But here’s what the headline number hides: not all degrees are equal. Not even close.
That same Georgetown research shows median earnings for bachelor’s degree holders range from $58,000 in education and public service fields all the way up to $98,000 in STEM. A petroleum engineering degree has a median income of $146,000. An early childhood education degree? You’re looking at a fraction of that.
And the cost side matters just as much. The average federal student loan balance has climbed to $39,547. Total outstanding student debt sits at $1.84 trillion. Over 9% of student loan debt is now seriously delinquent, and that number has been climbing sharply since pandemic-era protections ended.
So when a parent asks me “should I pay for my kid’s college?” my answer is always another question: what are they studying, and what’s the likely income path?
A registered nursing degree from a state school? That’s a no-brainer. You’re looking at strong starting salaries, high job security, and a clear return on investment. An $80,000 investment in a four-year nursing program can easily generate $60,000+ in year-one earnings.
A $200,000 art history degree from a private university with no clear career plan? That’s a different conversation entirely. I’m not saying art history is worthless. I’m saying the financial math has to make sense. If the degree doesn’t have a realistic path to income that justifies the cost, parents need to be honest about what they’re actually funding. It might be a great life experience. But calling it an “investment” is a stretch.
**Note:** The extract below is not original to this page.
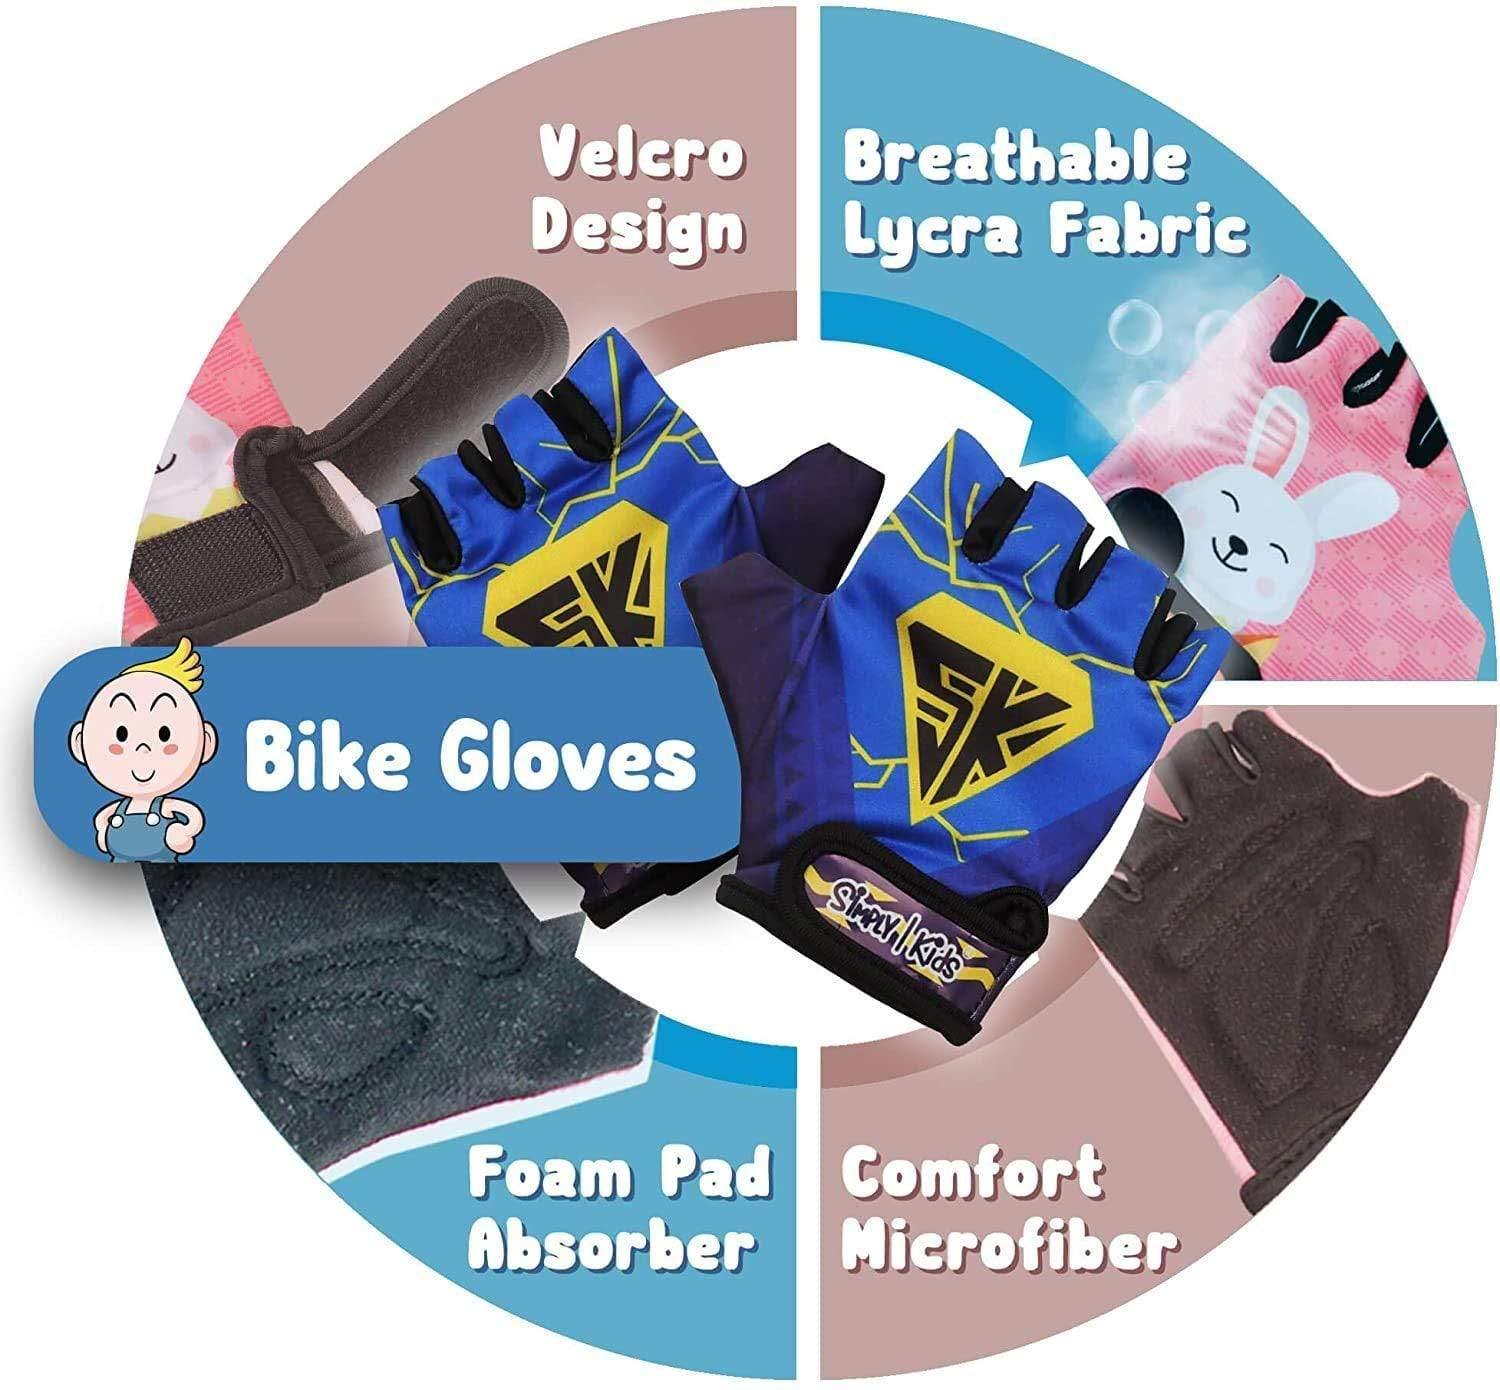 [1st Gen.] Innovative Soft Kids Elbow and Knee Pads with Bike Gloves (The Flash)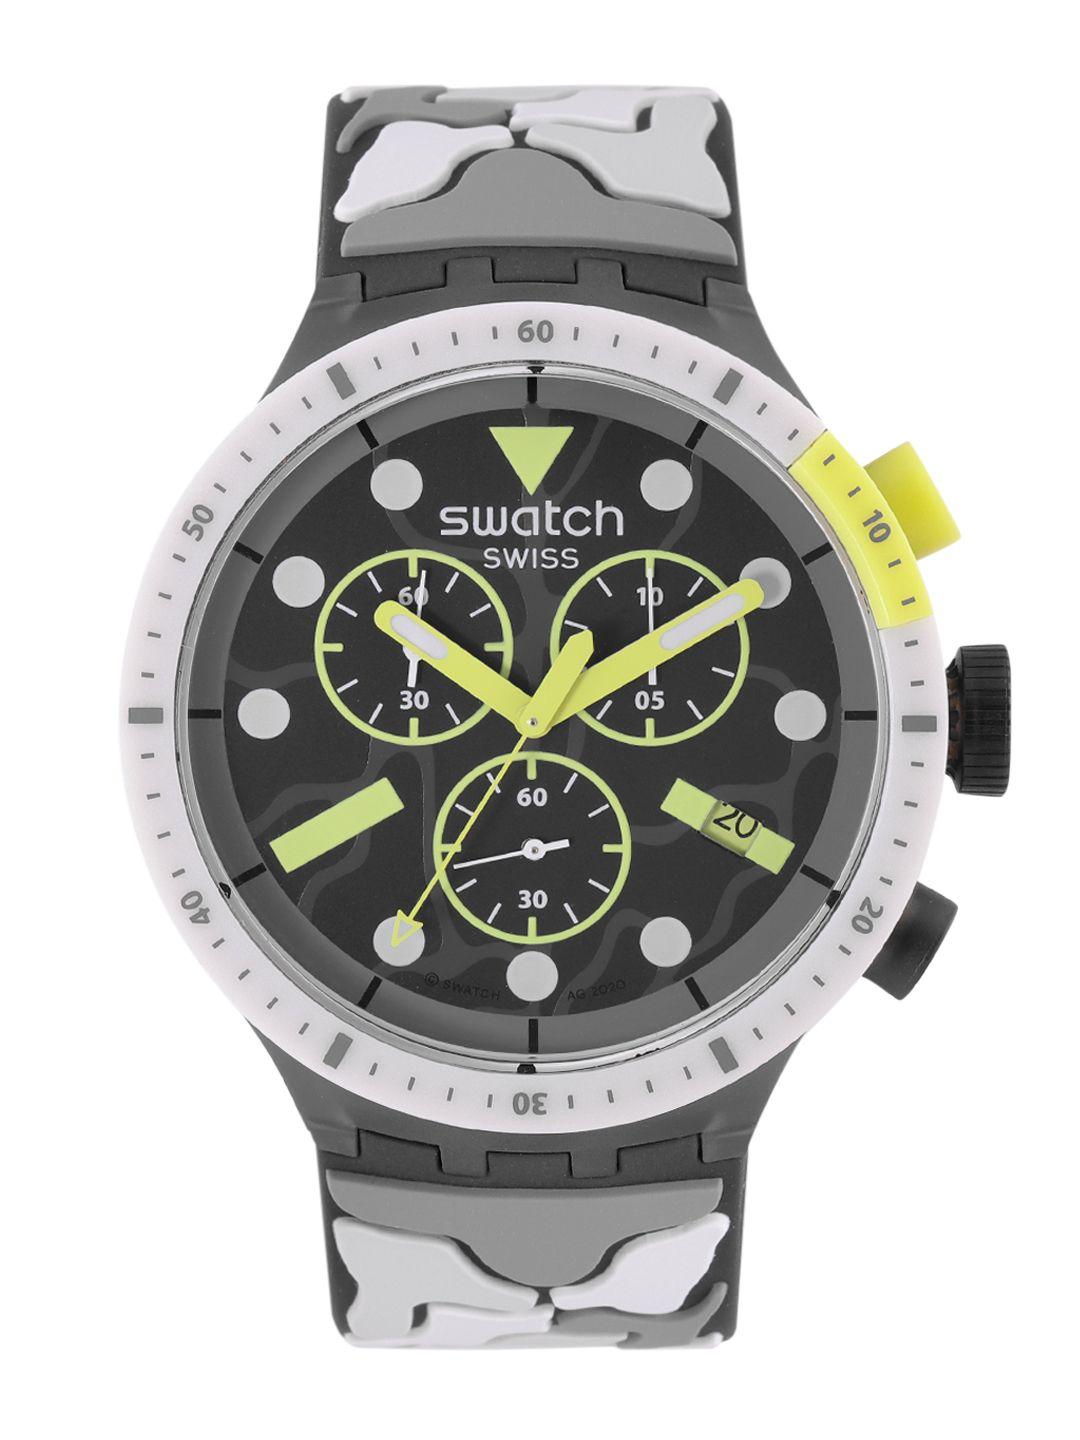 swatch unisex charcoal grey patterned swiss made water resistant analogue watch sb02m400

Trade school and technical programs deserve a serious look too. An electrician apprenticeship or HVAC certification costs a fraction of a four-year degree, often leads to $60,000+ within a few years, and doesn’t come with six figures of debt attached. For some kids, this is the highest-return education investment available.
The Real Estate Question: A Home Is Not an Investment (But Property Can Be)
This is where I have to push back on the popular narrative. I understand why parents want to help kids buy a home. Homeownership can provide stability, build equity through forced savings, and yes, over long periods, home values tend to appreciate.
But let me be direct: the house your kid lives in is not an investment property. It’s an expense that (hopefully) appreciates.
Here’s why. Historically, U.S. home prices have appreciated at roughly 4-5% per year on a national basis. After you subtract property taxes (typically 1-2% of value annually), maintenance (another 1-2%), insurance, and transaction costs when you eventually sell, the real return on a primary residence is thin. Compare that to the S&P 500’s long-run average of about 10.6% annually, and stocks have crushed residential real estate on a pure returns basis.
Your house also eats cash every single month. A $300,000 mortgage at 7% costs about $2,000 a month in principal and interest alone, before property taxes and insurance. That money isn’t “building wealth.” Most of it, especially in the early years, is going straight to interest.
That said. If a parent helped a kid buy a rental duplex or a small multi-family property? Now we’re talking about something different entirely. That’s an asset that generates income, benefits from leverage, and can appreciate. A 22-year-old who house-hacks a duplex (lives in one unit, rents the other) can potentially cover most of their mortgage while building equity in a real asset.
Here’s the thing: if we’re talking about handing a kid $100,000 for a down payment on a rental property or a house-hack duplex, that’s a wealth-building move most degrees can’t match.
The catch? Real estate is hands-on. It requires maintenance, tenant management, and the ability to handle unexpected costs. It’s not passive, and it’s not for everyone.
The Business Question: High Risk, Highest Potential Reward
Here’s the option most parents don’t even consider: funding a kid’s business.
I get the hesitation. Bureau of Labor Statistics data shows about 20% of businesses fail in the first year, and roughly half don’t make it past year five. Those numbers are real, and they matter.
But think about what $50,000 or $100,000 in startup capital can do for a kid with the right idea and the right work ethic. A college degree gives you a wage premium. A rental property gives you cash flow and appreciation. A successful business? That’s uncapped upside. Nobody ever built generational wealth earning a salary.
The key word is “right kid.” Funding a business isn’t the same as funding a degree where there’s an established track record of outcomes. It requires honest assessment. Does your kid have a real market opportunity, or just a vague idea? Are they willing to grind through the inevitable early failures? Do they understand basic business financials?
If the answer is yes, seed capital from mom and dad can be transformative. It eliminates the need for high-interest startup loans. It lets the business focus on growth instead of debt service from day one. And parents can structure it as a loan with favorable terms, an equity stake, or even a straight gift, depending on their situation.
One thing I’ve seen work well: parents who fund a business after the kid has already proven the concept on a small scale. Your 20-year-old has been running a landscaping side hustle and wants $30,000 for commercial equipment? That’s a very different risk profile than “I have an idea for an app.”
What If You Can’t Write a Big Check? Start Small. Start Now.
Not every family has $50,000 or $100,000 to hand over. Most don’t. But the parents who make the biggest long-term difference aren’t always the ones writing the biggest checks. They’re the ones who start early and get creative.
Here are the moves I recommend for parents working with smaller budgets:
Open a custodial Roth IRA for your kid
This is, dollar for dollar, one of the most powerful things you can do for a child’s financial future. In 2026, a minor can contribute up to $7,500 (or their total earned income, whichever is less) to a Roth IRA. The money grows tax-free and can be withdrawn tax-free in retirement.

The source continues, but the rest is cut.